Adaptive Interruption Handling

The headline feature of v1.5.0: an audio-based ML model that distinguishes genuine user interruptions from incidental sounds like backchannels ("mm-hmm"), coughs, sighs, or background noise. Enabled by default β€” no configuration needed.

Key stats:

  • 86% precision and 100% recall at 500ms overlapping speech
  • Rejects 51% of traditional VAD false positives
  • Detects true interruptions 64% faster than VAD alone
  • Inference completes in 30ms or less

When a false interruption is detected, the agent automatically resumes playback from where it left off β€” no re-generation needed.

To opt out and use VAD-only interruption:

session = AgentSession(
    ...
    turn_handling=TurnHandlingOptions(
        interruption={
            "mode": "vad",
        },
    ),
)

Blog post: https://livekit.com/blog/adaptive-interruption-handling

Dynamic Endpointing

Endpointing delays now adapt to each conversation's natural rhythm. Instead of a fixed silence threshold, the agent uses an exponential moving average of pause durations to dynamically adjust when it considers the user's turn complete.

session = AgentSession(
    ...
    turn_handling=TurnHandlingOptions(
        endpointing={
            "mode": "dynamic",
            "min_delay": 0.3,
            "max_delay": 3.0,
        },
    ),
)

New TurnHandlingOptions API

Endpointing and interruption settings are now consolidated into a single TurnHandlingOptions dict passed to AgentSession. Old keyword arguments (min_endpointing_delay, allow_interruptions, etc.) still work but are deprecated and will emit warnings.

session = AgentSession(
    turn_handling={
        "turn_detection": "vad",
        "endpointing": {"min_delay": 0.5, "max_delay": 3.0},
        "interruption": {"enabled": True, "mode": "adaptive"},
    },
)

Session Usage Tracking

New SessionUsageUpdatedEvent provides structured, per-model usage data β€” token counts, character counts, and audio durations β€” broken down by provider and model:

@session.on("session_usage_updated")
def on_usage(ev: SessionUsageUpdatedEvent):
    for usage in ev.usage.model_usage:
        print(f"{usage.provider}/{usage.model}: {usage}")

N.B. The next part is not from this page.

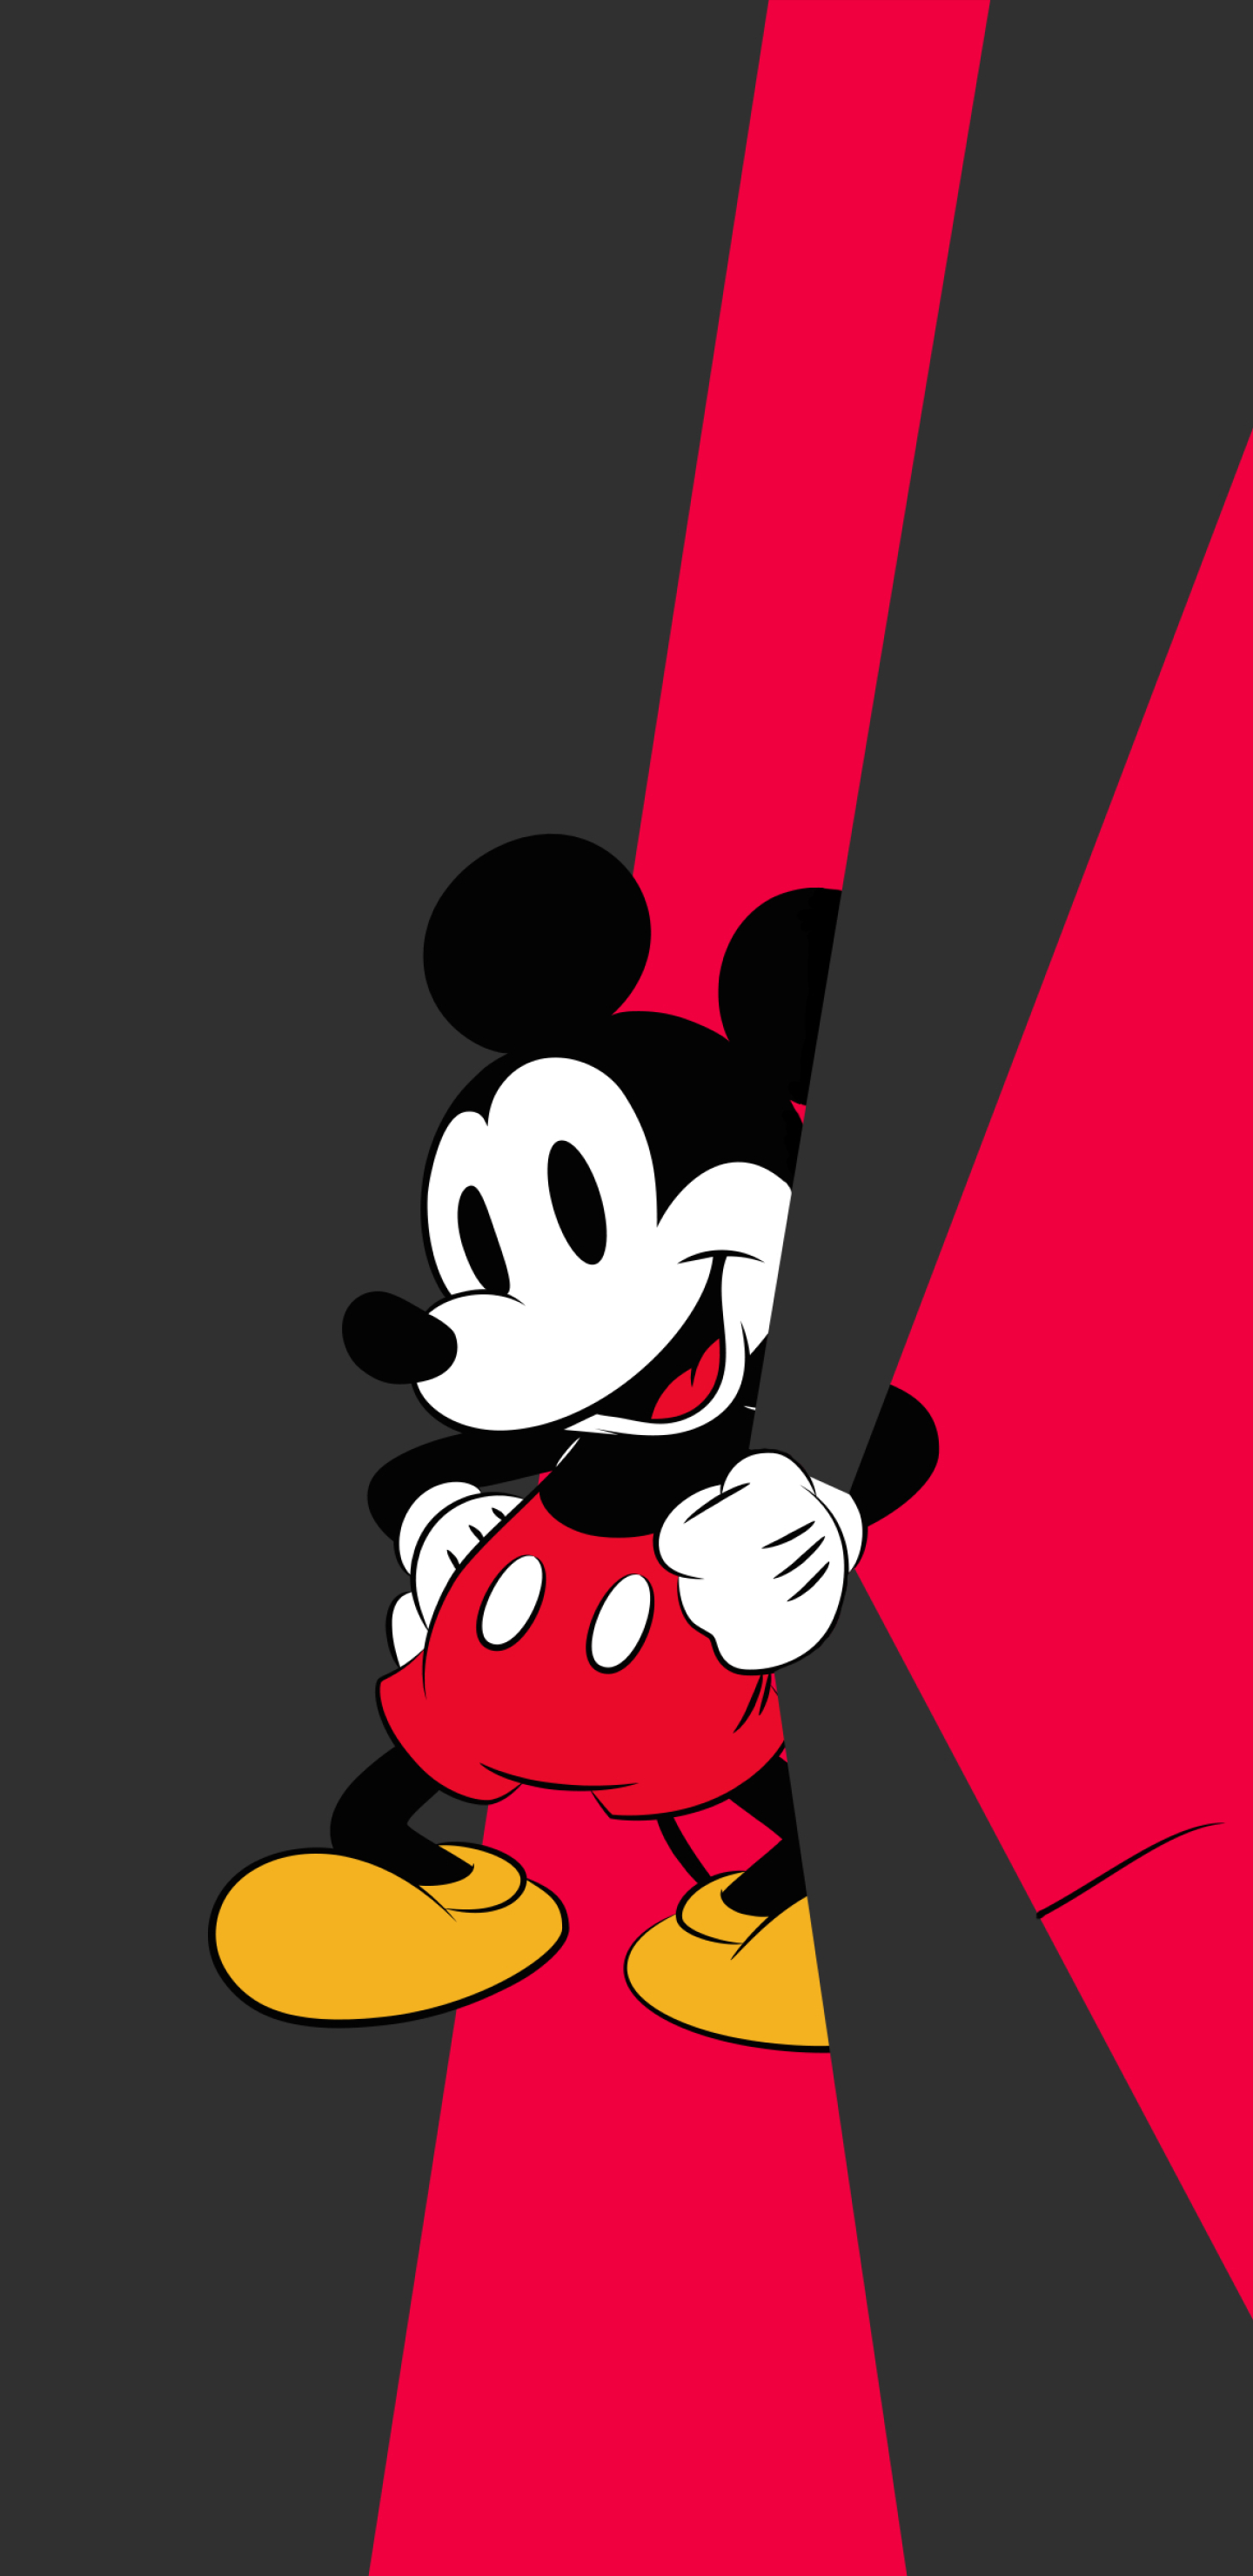 Mickey wallpaper hd

Usage types: LLMModelUsage, TTSModelUsage, STTModelUsage, InterruptionModelUsage.

You can also access aggregated usage at any time via the session.usage property:

usage = session.usage
for model_usage in usage.model_usage:
    print(model_usage)

Usage data is also included in SessionReport (via model_usage), so it's available in post-session telemetry and reporting out of the box.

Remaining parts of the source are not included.